From Hard Clusters to Soft Clusters

K-means assigns each point to exactly one cluster. Gaussian mixture models (GMMs) take a softer view: a point can belong to several components with different probabilities.

A GMM assumes that the data distribution is a mixture of \(K\) Gaussian components:

\[ p(x) = \sum_{j=1}^{K} \tau_j \mathcal{N}(x; \mu_j, \Sigma_j), \]

where:

\(\tau_j\) is the weight of component \(j\),
\(\mu_j\) is its mean,
\(\Sigma_j\) is its covariance matrix.

The EM Algorithm

Because the component responsible for each observation is unknown, GMMs are usually fit with the Expectation-Maximization (EM) algorithm.

E-step

Compute the responsibility of each component for each point:

\[ T_{j,i} = P(Z_i = j \mid X_i = x_i). \]

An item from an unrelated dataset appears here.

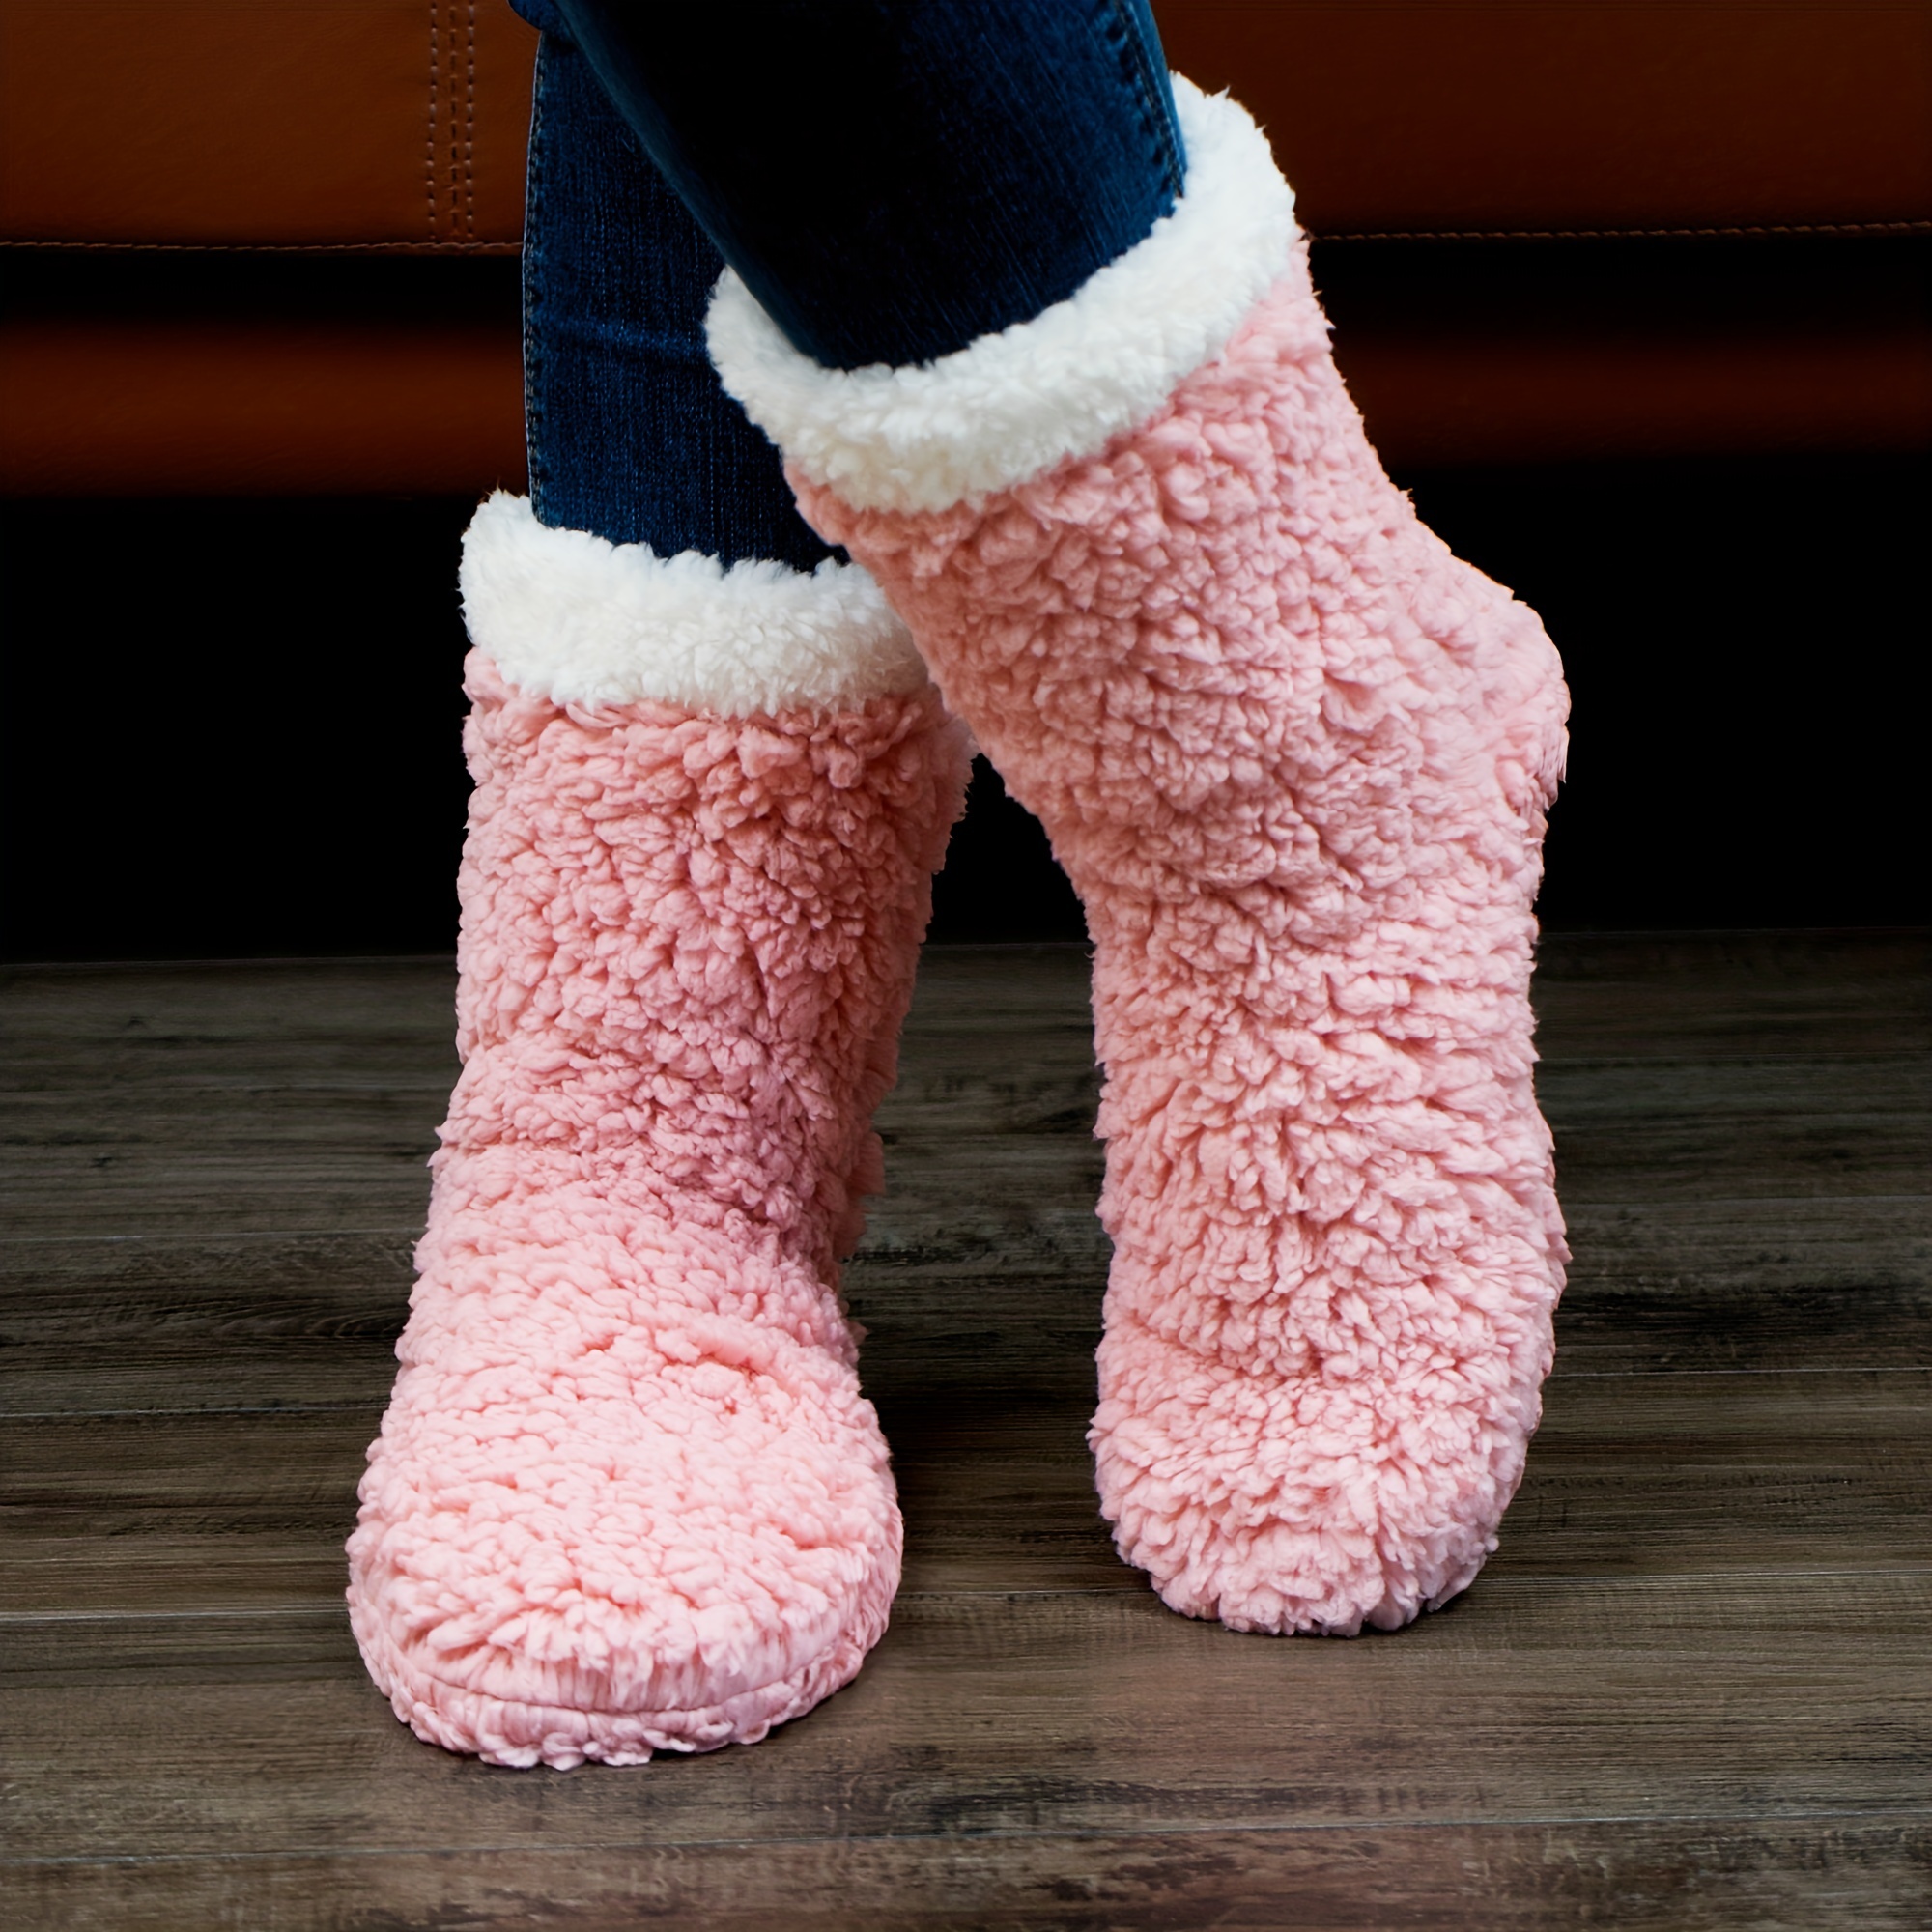 Para el frío ¿calcetines de lana o calcetines térmicos? - Big In

This gives a soft assignment rather than a hard label.

M-step

Update the component weights, means, and covariances using those responsibilities as weights.

The two steps alternate until the likelihood stops improving meaningfully.

Selecting the Number of Components

Because GMMs are probabilistic models, criteria such as AIC and BIC are natural tools for choosing \(K\).

In general:

lower AIC or BIC means a better trade-off between fit and complexity,
BIC usually penalizes complexity more heavily than AIC.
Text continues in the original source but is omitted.